Work order: The lines from the start of the data through the line containing "Chocolate Tortoise Double" are to be reproduced exactly, both ends included.

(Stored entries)
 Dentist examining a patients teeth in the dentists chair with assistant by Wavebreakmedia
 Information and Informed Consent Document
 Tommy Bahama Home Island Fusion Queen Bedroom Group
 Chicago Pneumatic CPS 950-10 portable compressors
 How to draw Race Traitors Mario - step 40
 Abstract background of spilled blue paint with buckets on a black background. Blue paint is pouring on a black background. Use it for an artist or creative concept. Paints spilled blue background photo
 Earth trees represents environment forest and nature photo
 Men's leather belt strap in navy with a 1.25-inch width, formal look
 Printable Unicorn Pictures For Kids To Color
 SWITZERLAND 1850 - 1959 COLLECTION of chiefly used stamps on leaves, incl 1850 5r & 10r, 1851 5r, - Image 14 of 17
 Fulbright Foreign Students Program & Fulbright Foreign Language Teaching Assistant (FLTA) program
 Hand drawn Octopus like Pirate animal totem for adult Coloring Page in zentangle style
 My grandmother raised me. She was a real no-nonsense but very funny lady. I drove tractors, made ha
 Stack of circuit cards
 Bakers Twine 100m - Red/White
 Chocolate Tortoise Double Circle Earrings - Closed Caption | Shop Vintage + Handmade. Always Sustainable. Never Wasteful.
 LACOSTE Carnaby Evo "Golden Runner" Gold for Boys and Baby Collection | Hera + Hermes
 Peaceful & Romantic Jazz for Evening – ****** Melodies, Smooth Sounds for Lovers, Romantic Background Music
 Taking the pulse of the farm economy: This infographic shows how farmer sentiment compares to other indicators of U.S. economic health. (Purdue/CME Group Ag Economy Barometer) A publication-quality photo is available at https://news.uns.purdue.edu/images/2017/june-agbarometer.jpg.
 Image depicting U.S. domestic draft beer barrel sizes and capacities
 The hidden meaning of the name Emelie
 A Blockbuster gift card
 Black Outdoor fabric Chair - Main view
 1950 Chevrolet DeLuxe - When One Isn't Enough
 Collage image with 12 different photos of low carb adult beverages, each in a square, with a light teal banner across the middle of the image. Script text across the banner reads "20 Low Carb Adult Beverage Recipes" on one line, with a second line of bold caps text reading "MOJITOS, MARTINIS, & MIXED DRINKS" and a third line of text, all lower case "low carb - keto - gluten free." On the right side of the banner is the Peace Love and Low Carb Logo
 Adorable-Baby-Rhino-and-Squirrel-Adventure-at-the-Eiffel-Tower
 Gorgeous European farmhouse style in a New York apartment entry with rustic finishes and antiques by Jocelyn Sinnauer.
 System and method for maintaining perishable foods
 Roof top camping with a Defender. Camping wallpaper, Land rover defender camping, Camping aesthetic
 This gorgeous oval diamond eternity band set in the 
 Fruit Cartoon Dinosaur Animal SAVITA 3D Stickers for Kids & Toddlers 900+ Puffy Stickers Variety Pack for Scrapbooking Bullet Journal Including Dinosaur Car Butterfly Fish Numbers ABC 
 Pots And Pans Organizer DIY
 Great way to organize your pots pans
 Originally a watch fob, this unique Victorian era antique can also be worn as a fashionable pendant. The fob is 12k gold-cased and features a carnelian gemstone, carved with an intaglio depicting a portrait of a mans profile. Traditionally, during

Written answer:
 Dentist examining a patients teeth in the dentists chair with assistant by Wavebreakmedia
 Information and Informed Consent Document
 Tommy Bahama Home Island Fusion Queen Bedroom Group
 Chicago Pneumatic CPS 950-10 portable compressors
 How to draw Race Traitors Mario - step 40
 Abstract background of spilled blue paint with buckets on a black background. Blue paint is pouring on a black background. Use it for an artist or creative concept. Paints spilled blue background photo
 Earth trees represents environment forest and nature photo
 Men's leather belt strap in navy with a 1.25-inch width, formal look
 Printable Unicorn Pictures For Kids To Color
 SWITZERLAND 1850 - 1959 COLLECTION of chiefly used stamps on leaves, incl 1850 5r & 10r, 1851 5r, - Image 14 of 17
 Fulbright Foreign Students Program & Fulbright Foreign Language Teaching Assistant (FLTA) program
 Hand drawn Octopus like Pirate animal totem for adult Coloring Page in zentangle style
 My grandmother raised me. She was a real no-nonsense but very funny lady. I drove tractors, made ha
 Stack of circuit cards
 Bakers Twine 100m - Red/White
 Chocolate Tortoise Double Circle Earrings - Closed Caption | Shop Vintage + Handmade. Always Sustainable. Never Wasteful.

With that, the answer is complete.